In an article I wrote last March, I had asked if inflation was going to become an issue during 2021. In one of my contributions at the end of last year, I claimed that 2021 was also the year when inflation reared its head again. In my article of two weeks ago, I wrote that although many analysts thought that the inflationary pressures would be transitory and would fizzle out over a period of a few months, there is now agreement that inflation will persist in the medium term.

The data that is emerging is, in fact, showing that after more than 10 years of low inflation, the rate of inflation is back to a very high level, the highest it has been for decades.

The US reported an inflation rate of seven per cent, way above the notional target of two per cent that independent central banks around the world had. What has contributed to this high rate in 2021 are the prices of energy, cars, housing and food. These four items represent around 60 per cent of consumer purchases in the US, but accounted for 80 per cent of the inflation rate.
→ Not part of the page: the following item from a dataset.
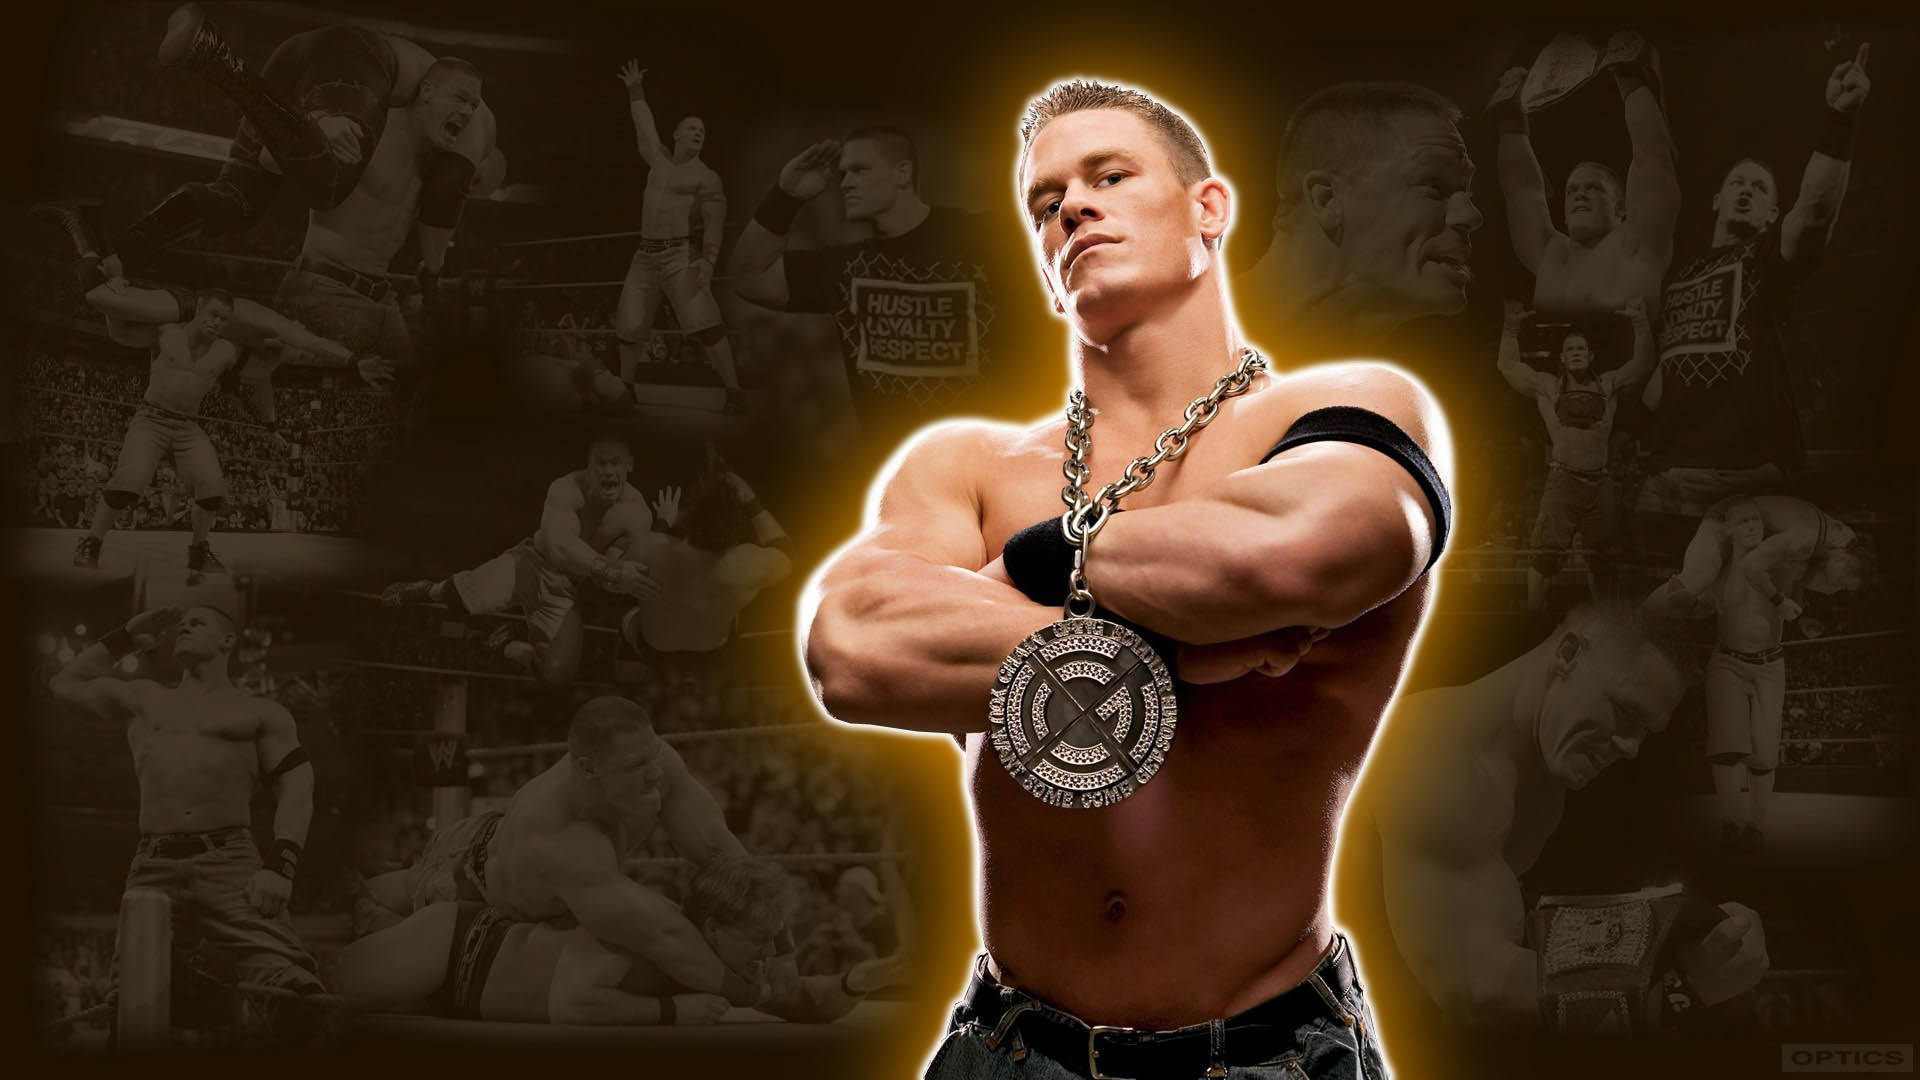 Free download 30 WWE John Cena wallpapers HD free Download 2016 [1920x1080]  for your Desktop, Mobile & Tablet | Explore 58+ John Cena Wallpaper 2015  For Desktop | John Cena 2015 Wallpapers,

Consumer prices in the eurozone, which exclude energy, food, alcohol and tobacco, increased 2.6 per cent in 2021. If one just excludes energy, the rate of inflation would have been 2.8 per cent. The rate of inflation was at five per cent. This is admittedly well below the US level but it is still much higher than it has been in the last 30 years. In January 2021, the inflation rate was 0.9 per cent.

Analysts have established that high energy prices, stronger demand resulting from the reopening of the economy and increasing producer prices as a result of disruptions in the supply chain have led to a strong surge in inflationary pressures. If the increase in energy prices slows down, then inflation would also slow down.

Let us look at the situation in Malta. The latest data from NSO is for November 2021. The annual rate of inflation as measured by the retail price index was 2.38 per cent. Food was by far the major contributor to this increase in prices. The annual rate of inflation as measured in January 2021 was 0.33 per cent. Therefore, although the rate of inflation in Malta is below the average for the eurozone, it is still very significantly higher than it was a year ago.

The policy response to a high inflation rate should be an increase in interest rates. The US Federal Reserve has already announced that it would raise interest rates three times in 2022. The European Central Bank is more reticent in this respect and is not saying that it will raise interest rates, mainly because its long-term view of inflation is that it will be below the two per cent target in 2023 and 2024.

Since Malta is part of the eurozone, interest rates will follow the trend set by the ECB, unless commercial banks decide to increase their bank rate.

Since there is a lack of synchronisation in the medium-term outlook on inflation between the US and the eurozone, and as a consequence of their interest rates, there could also be an impact on the exchange rate between the euro and the US dollar. This, in turn, could have a consequence on international trade.

We, therefore, need to see how the inflation story will evolve in the coming months. Will it turn out to be the spectre some are making it out to be? Or will it turn out to be much ado about nothing? Either way, Malta needs to be prepared.

We need to see how the inflation story will evolve in the coming months. Will it turn out to be the spectre some are making it out to be? Or will it turn out to be much ado about nothing?

In addition, we need to be wary of creating shortages in our local factor and product markets so as not to fuel domestic inflation ourselves.